The `uncertainty_bootstrap` function performs uncertainty quantification using the parametric bootstrap method. It requires three arguments:

- `data`: A vector of annual maximum series data.
- `model`: A three-letter code for a probability distribution (ex. `"GEV"`).
- `method`: A parameter estimation method. Must be `"L-moments"`, `"MLE"`, or `"GMLE"`.

By default, return levels are computed 2-, 5-, 10-, 20-, 50-, and 100- year return periods. 

```{r, fig.width = 10, fig.height = 8, fig.align = "center", out.width = "100%"}
uncertainty <- uncertainty_bootstrap(df$max, "GEV", "L-moments")

plot_sffa_estimates(fit, ci = uncertainty$ci)
```

**Example Conclusion**: Every 10 years, we can expect a flood of roughly $3{\small,}200\text{m}^3/\text{s}$ or greater.

## Model Assessment

Model performance is assessed using `model_assessment`, which reports a collection of assessment statistics about the flood frequency analysis.
`plot_sffa_assessment` compares the data (the "empirical quantiles") and the predictions of the parametric model at the plotting positions (the "theoretical quantiles"). 
The black line represents a perfect 1:1 correspondence between the model and the data.

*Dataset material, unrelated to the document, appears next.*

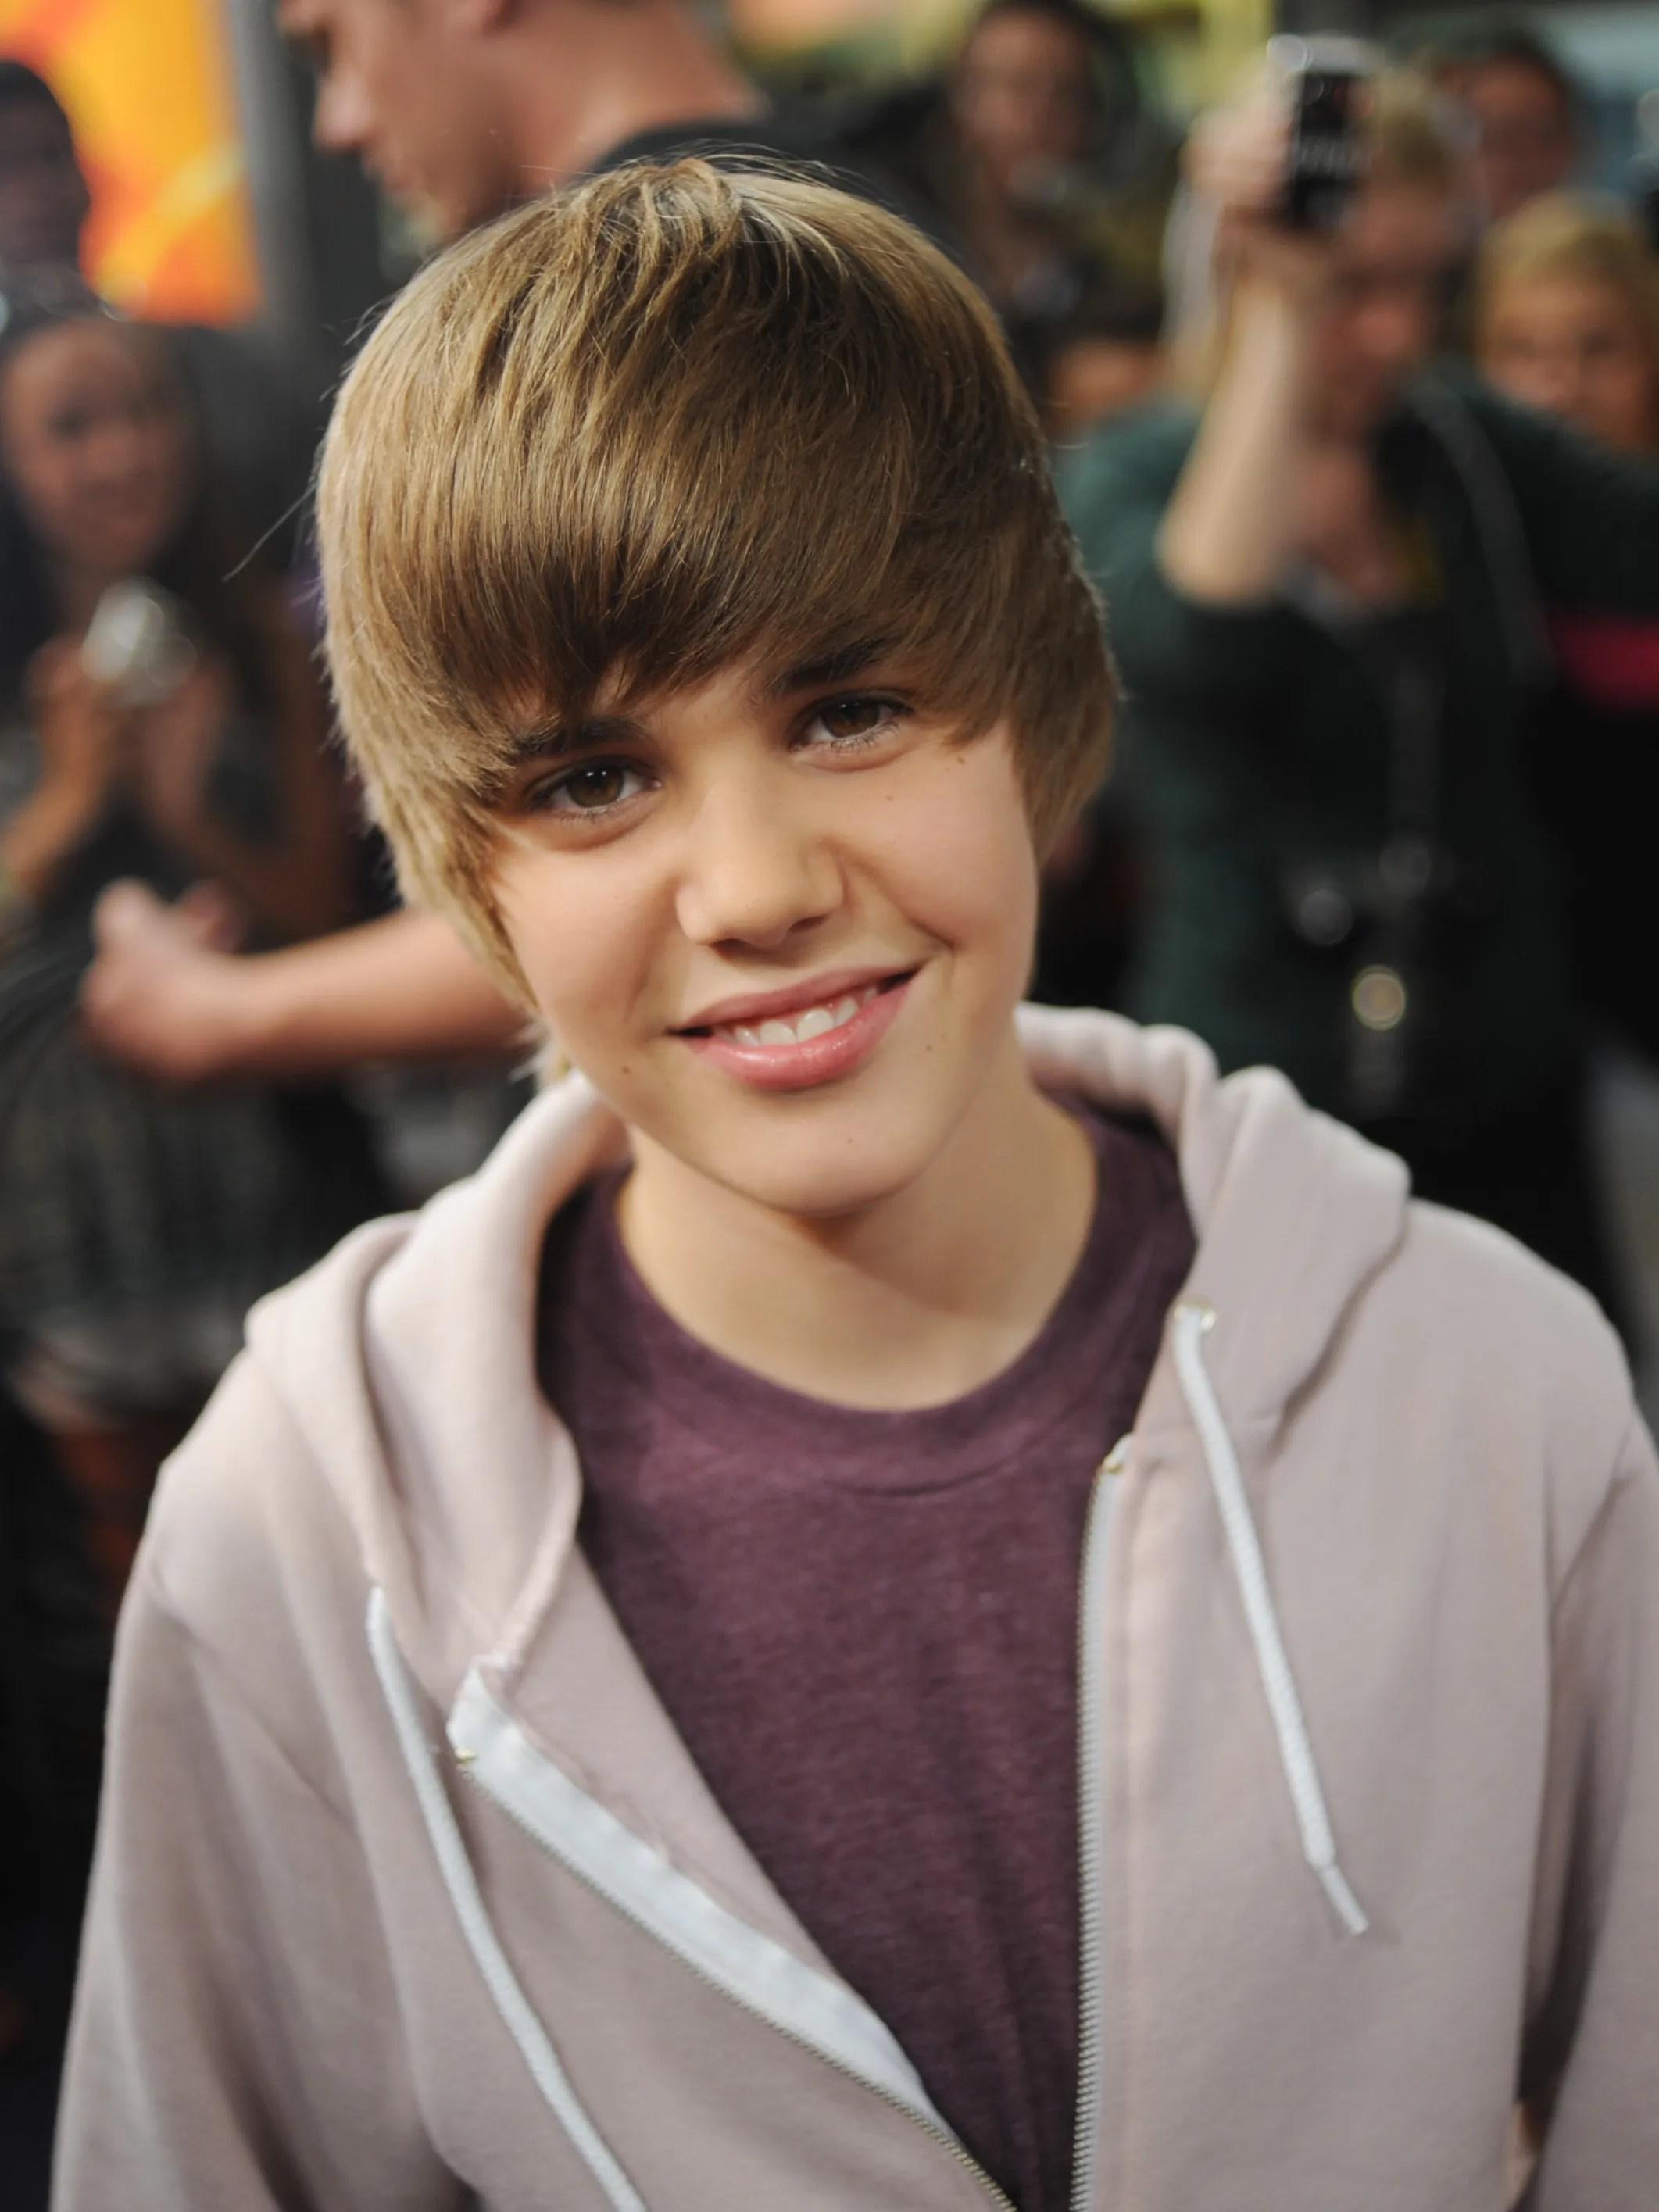 Justin Bieber Haircut + Hairstyle 2019 | Taperfadehaircut.com

```{r, fig.width = 10, fig.height = 8, fig.align = "center", out.width = "100%"}
assessment <- model_assessment(df$max, "GEV", "L-moments")

plot_sffa_assessment(assessment)
```

**Conclusion**: The parametric model generally matches the plotting positions.
The model slightly underestimates the data from $3{\small,}500\text{m}^3/\text{s}$ to $5{\small,}000\text{m}^3/\text{s}$.